You are a lucky girl, and I am rather inclined to envy you, in having the leisure to read Dante—I have never read a page of him; yet I am sure the "Divina Commedia" is one of the grandest books in the world—though I am not sure whether the reading of it would raise one's life and give it a nobler purpose, or simply be a grand poetical treat. That is a question you are beginning to be able to answer: I doubt if I shall ever (at least in this life) have the opportunity of reading it; my life seems to be all torn into little bits among the host of things I want to do! It seems hard to settle what to do first. One piece of work, at any rate, I am clear ought to be done this year, and it will take months of hard work: I mean the second volume of "Sylvie and Bruno." I fully mean , if I have life and health till Xmas next, to bring it out then. When one is close on sixty years old, it seems presumptuous to count on years and years of work yet to be done....

 

She is rather the exception among the hundred or so of child-friends who have brightened my life.

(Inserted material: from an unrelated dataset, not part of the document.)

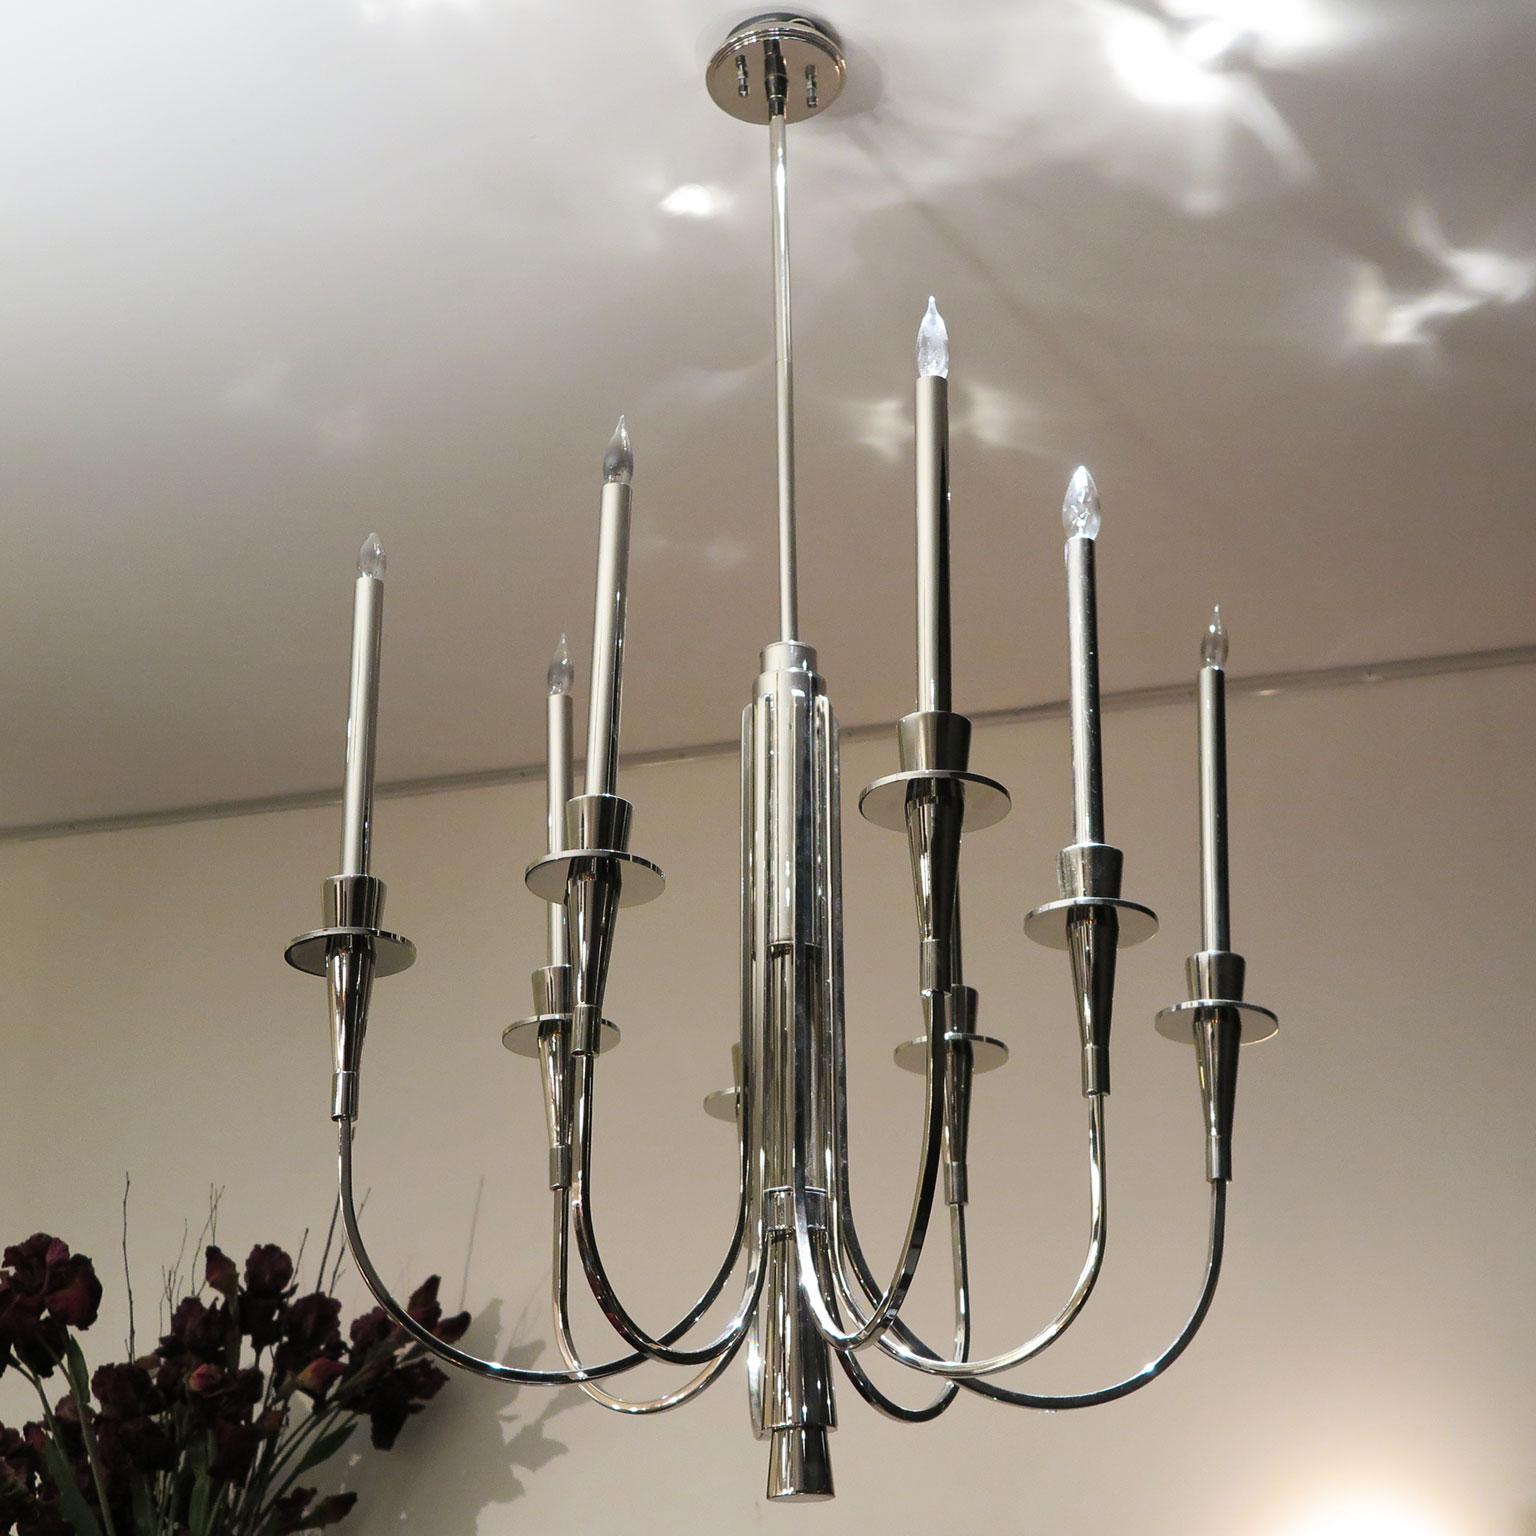 Mid-Century Modern 8-arm chandelier with candelabra style arms and exposed bulbs. Beautifully done in polished nickel. Art Deco inspired design along the stem. The tall candelabra chandelier is ideal for high-ceilings, but can be shortened upon

Usually the child becomes so entirely a different being as she grows into a woman, that our friendship has to change too: and that it usually does by gliding down from a loving intimacy into an acquaintance that merely consists of a smile and a bow when we meet!...

 

 

January 1, 1895.

 

... You are quite correct in saying it is a long time since you have heard from me: in fact, I find that I have not written to you since the 13th of last November. But what of that? You have access to the daily papers. Surely you can find out negatively, that I am all right! Go carefully through the list of bankruptcies; then run your eye down the police cases; and, if you fail to find my name anywhere, you can say to your mother in a tone of calm satisfaction, "Mr. Dodgson is going on well."